• [WHAT TO PRODUCE] Each line holding the string "Unframed" is to be copied from the data.

• [GIVEN ENTRIES]
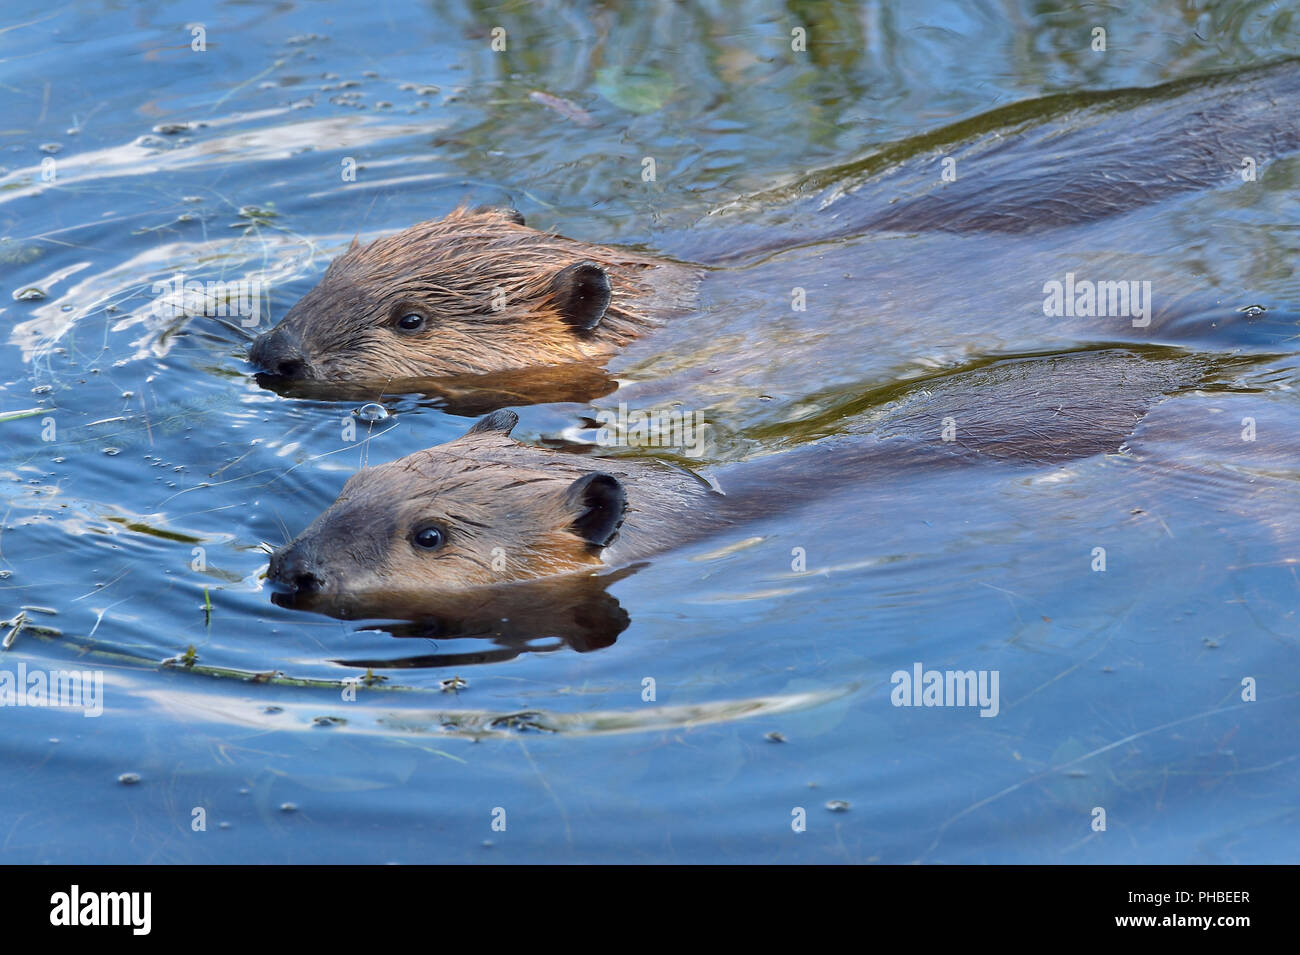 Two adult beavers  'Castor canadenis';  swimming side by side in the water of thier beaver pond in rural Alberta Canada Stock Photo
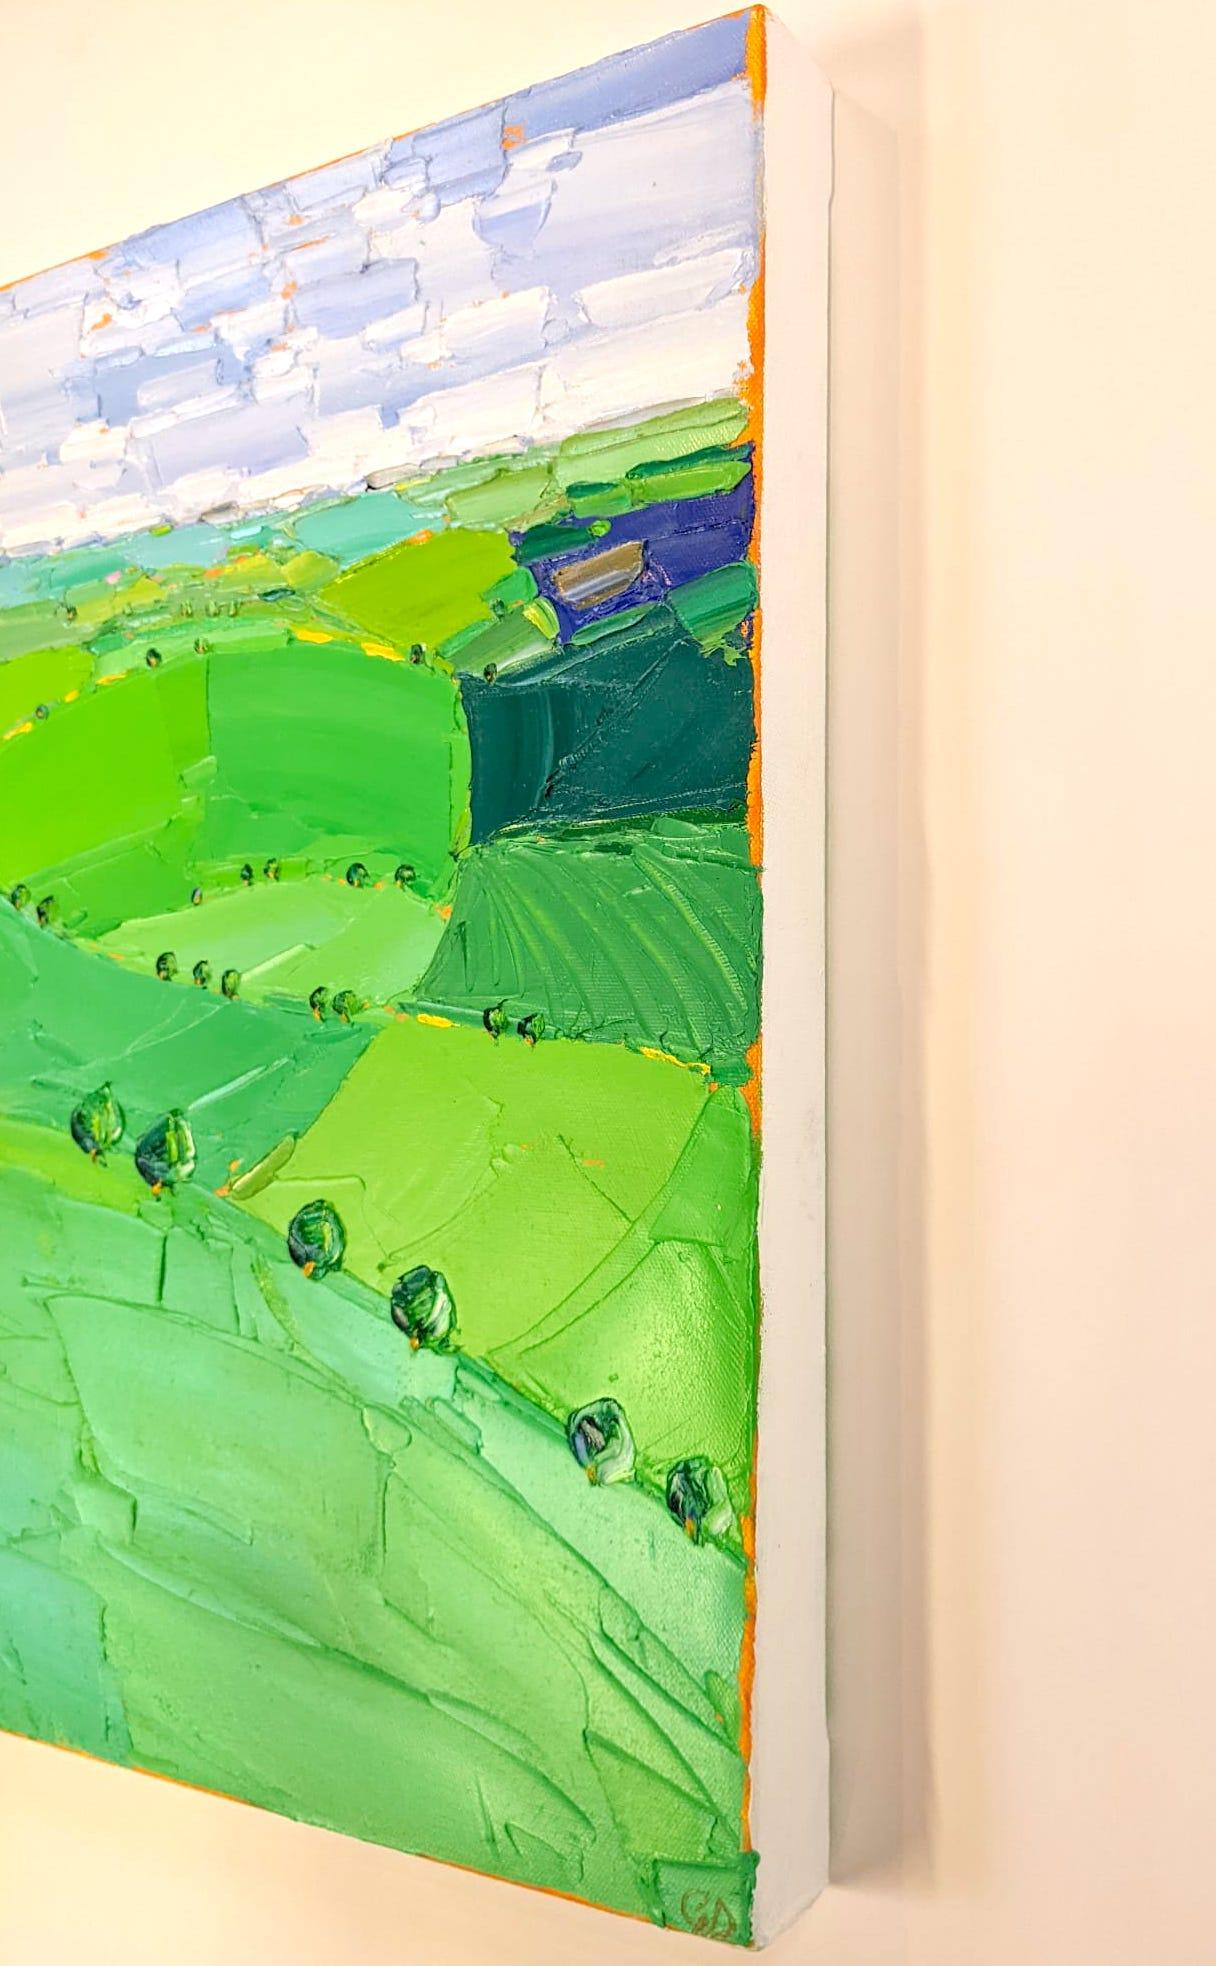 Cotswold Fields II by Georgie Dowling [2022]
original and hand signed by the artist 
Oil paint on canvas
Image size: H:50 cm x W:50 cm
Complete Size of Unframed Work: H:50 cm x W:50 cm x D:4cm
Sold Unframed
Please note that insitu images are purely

• [TASK SOLUTION]
Complete Size of Unframed Work: H:50 cm x W:50 cm x D:4cm
Sold Unframed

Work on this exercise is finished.